For appanages in ancient law see the Essai sur les apanages ou mémoires historiques de leur établissement, attributed to Du Vaucel, about 1780. (J. P. E.)
APPAREL (from O. Fr. aparail, aparailler, mod. appareil, from Low Lat. adpariculare, to make fit or equal), equipment, outfit, things furnished for the proper performance of anything, now chiefly used of dress. The word is also applied to the “orphreys,” i.e. embroidered strips or borders, on ecclesiastical vestments.

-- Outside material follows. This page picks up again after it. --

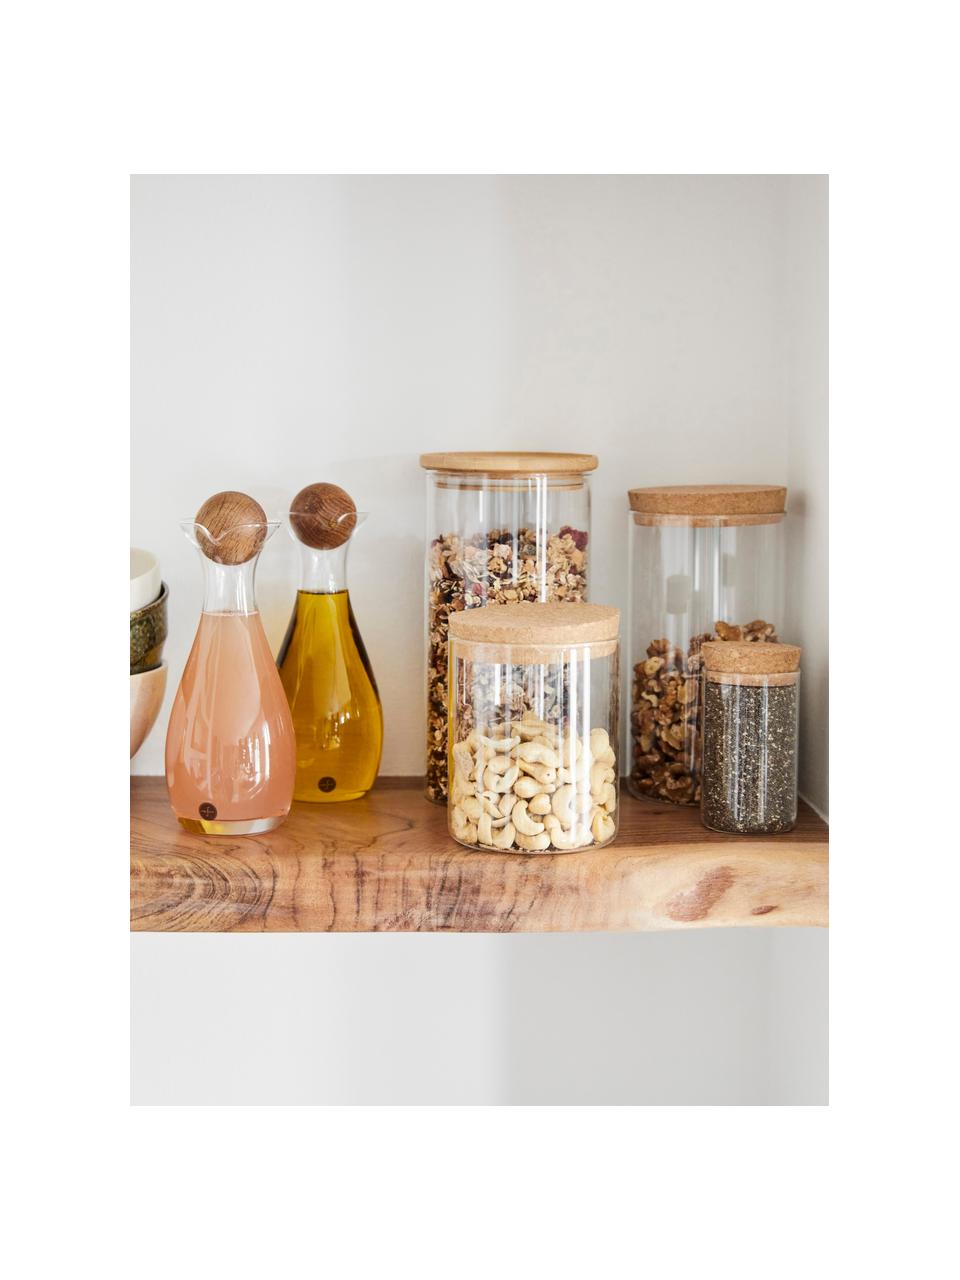 Set olio e aceto in vetro soffiatocon tappi in legno Eden 2 pz, Contenitore: vetro soffiato, Trasparente, legno scuro, Ø 8 x Alt. 19 cm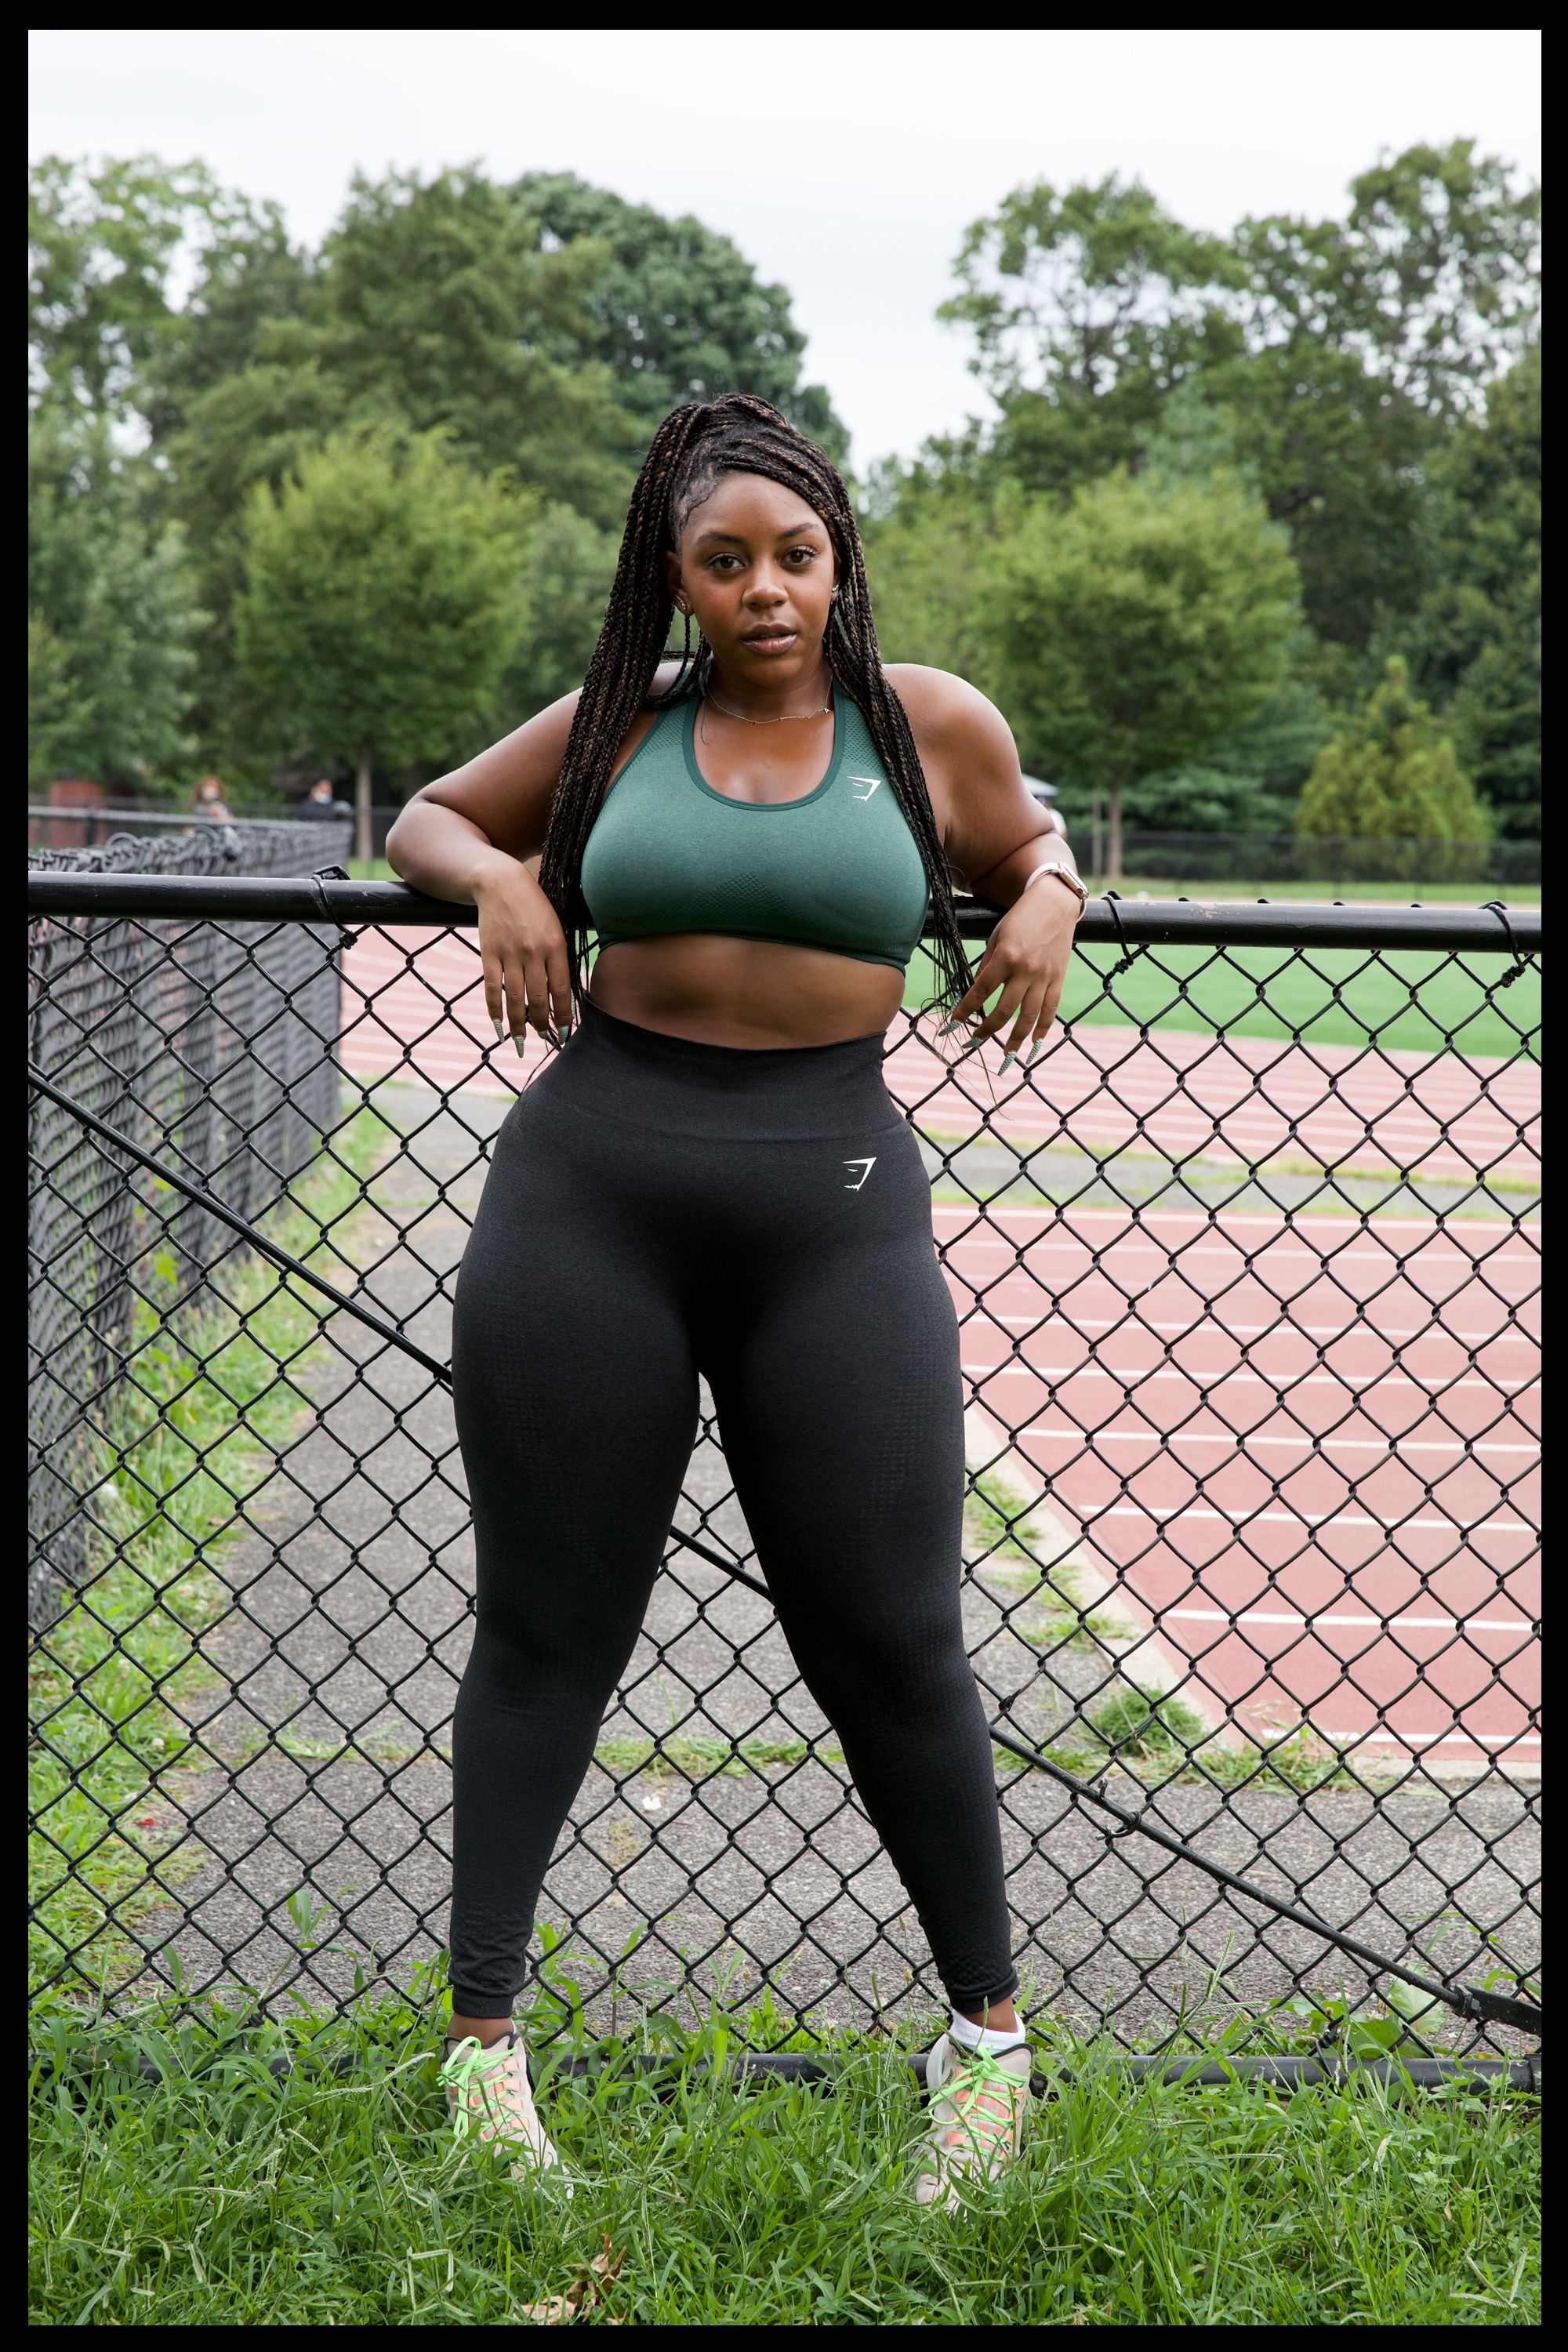 Women Gym Fitness Workout Sport Suit Leggings Shorts Top Vest Bra Pants Yoga Set

APPARITIONS. An apparition, strictly speaking, is merely an appearance (Lat. apparere, to appear), the result of perception exercised on any stimulus of any of the senses. But in ordinary usage the word apparition denotes a perception (generally through the sense of sight) which cannot, as a rule, be shown to be occasioned by an object in external nature. We say “as a rule” because many so-called apparitions are merely illusions, i.e. misconstructions of the perceptive processes, as when a person in a bad light sees a number of small children leading a horse, and finds, on nearer approach, that he sees two men carrying bee-hives suspended from a pole. Again, Sir Walter Scott’s vision of Byron, then lately dead, proved to be a misconstruction of certain plaids and cloaks hanging in the hall at Abbotsford, or so Sir Walter declared. Had he not discovered the physical basis of this illusion (which, while it lasted, was an apparition, technically speaking), he and others might have thought that it was an apparition in the popular sense of the word, a ghost. In popular phraseology a ghost is understood to be a phantasm produced in some way by the spirit of a dead person, the impression being usually visual, though the ghost, or apparition, may also affect the sense of hearing (by words, knocks, whistles, groans and so forth), or the sense of touch, or of weight, as in the case of the “incubus.” In ordinary speech an apparition of a person not known to the percipient to be dead is called a wraith, in the Highland phrase, a spirit of the living. The terms ghost and wraith involve the hypothesis that the false perceptions are caused by spirits, a survival of the archaic animistic hypothesis (see Animism), an hypothesis as difficult to prove as to disprove. Apparitions, of course, are not confined to anthropomorphic phantasms; we hear of phantom coaches (sometimes seen, but more frequently heard), of phantom dogs, cats, horses, cattle, deer, and even of phantom houses.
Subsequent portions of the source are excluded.